Sorry, but grazing animals have certainly been that numerous in that region as to be capable of modifying vegetative cover. When that happens, the surface emissivity changes enough to induce a surface temperature change of 40°F. That changes the relative humidity and the dew cycle upon which the grasses depended.
It is REMOVING human animal management that is what can cause desertification on a scale that massive, particularly because the entire equilibrium between a human apex predator and its herbivorous prey is disrupted without anything to mitigate the effect. That land had been under continuous management by people for over 9,000 years prior with no problem. Over that time there were solar-related climate events of far greater magnitude than when that desert commenced. Yet at the very nascence of the Nile Valley culture, there was war between the people of the Valley and the people of that grassland, and we know who lost.
With that loss came the loss of those who knew how to steward that land, whether preventing overgrazing grasses or maintaining shrubs, hunting predators, or running the animals to crush locust eggs. The desertification process began almost immediately and progressed from east to west. To this day, Khnum, the creator god of ancient Egypt, lines the road from Karnak to Luxor. He has a ram's head. The pharaoh ruled with a flail and a crook. Yet it was known from the time of Joseph (and now before) that the rulers of the Nile hated nomadic shepherds, for good reason too. The Hyksos kings were exactly such.
Yet at the very nascence of the Nile Valley culture, there was war between the people of the Valley and the people of that grassland, and we know who lost.The wars in the predynastic period (and for most of Egyptian history) were about control of the Nile, which helped bring into being one of the riverine civilizations that lies at the root of all our own histories.

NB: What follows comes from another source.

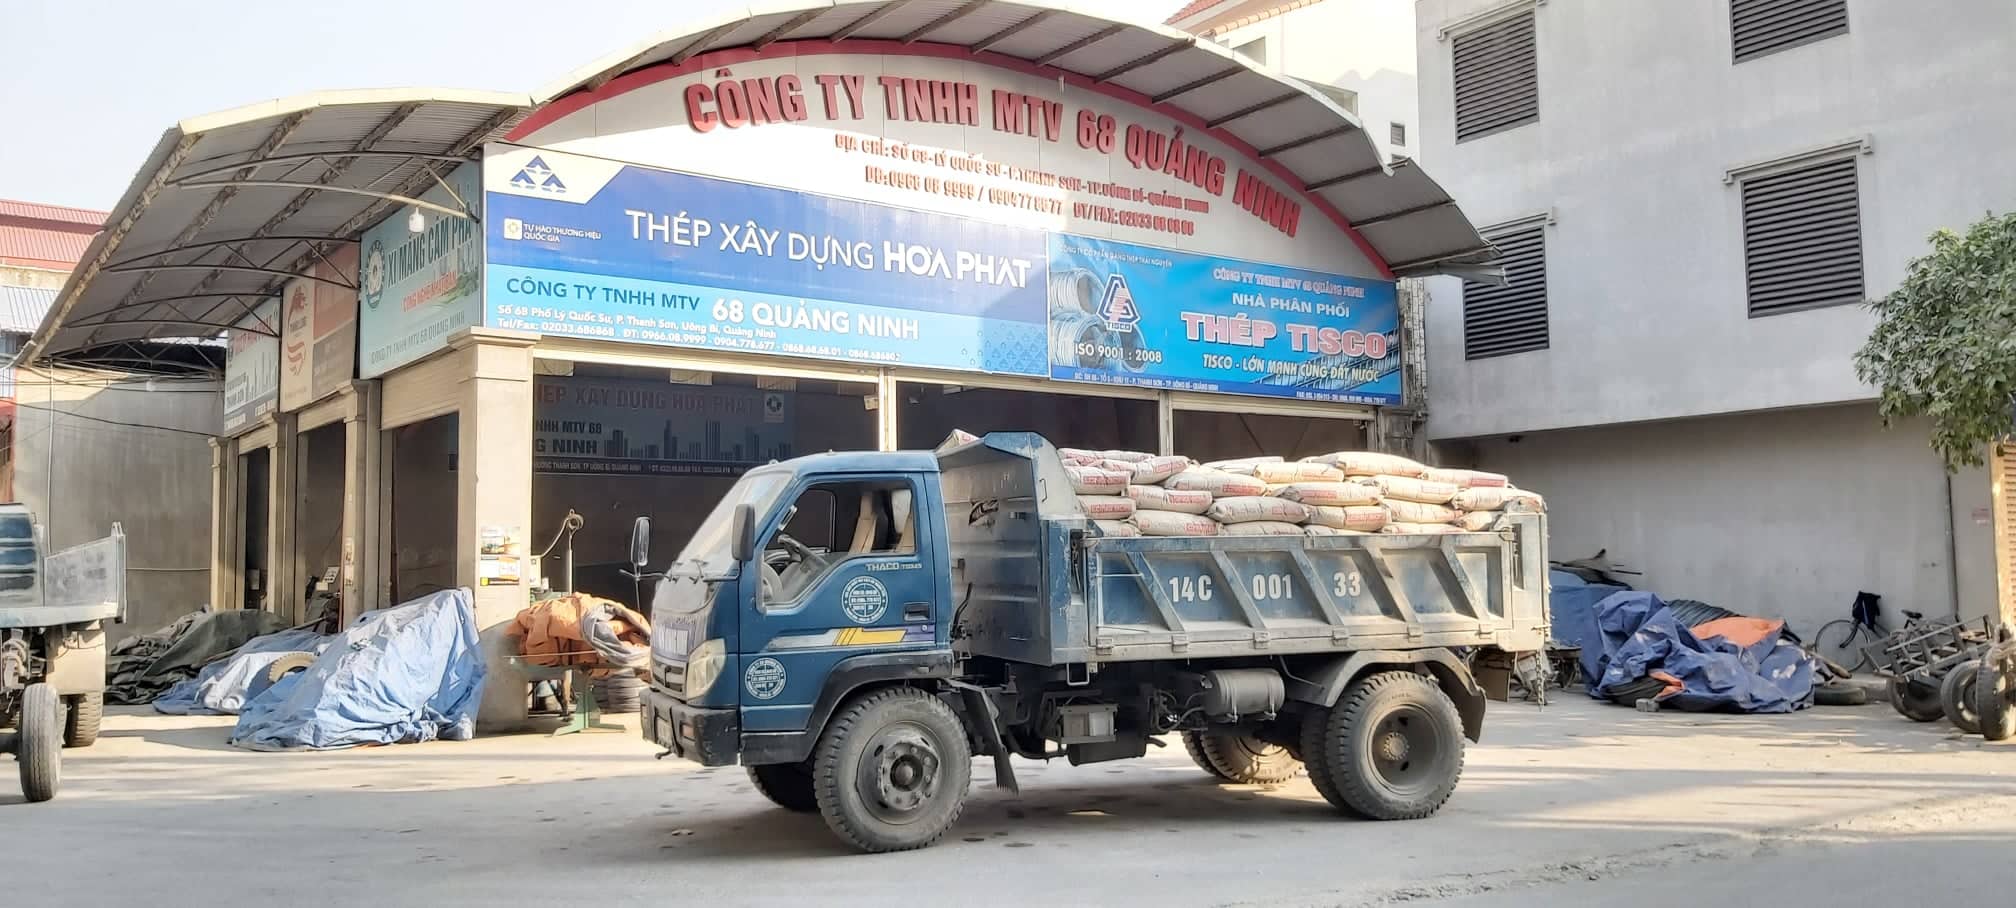 Những chiếc xe tải của Công ty TNHH MTV 68 Quảng Ninh thường xuyên ra vào lấy xi măng từ bãi tập kết trong khu dân cư.

The reason nomadic life shrank is because the desertification got worse, not because of the other way around. Even the prehistoric traces of warfare in the area (thousands of stone weapon-heads) were found in the remains of a village which was attacked (or had an internal fight of remarkable proportions) and burned to the ground, and evidently never reoccupied.
There were several major catastrophes over the last ten or twelve thousand years, not least of all the Noachean flood. Something like that could have played a part in turning some of the regions you mention into deserts.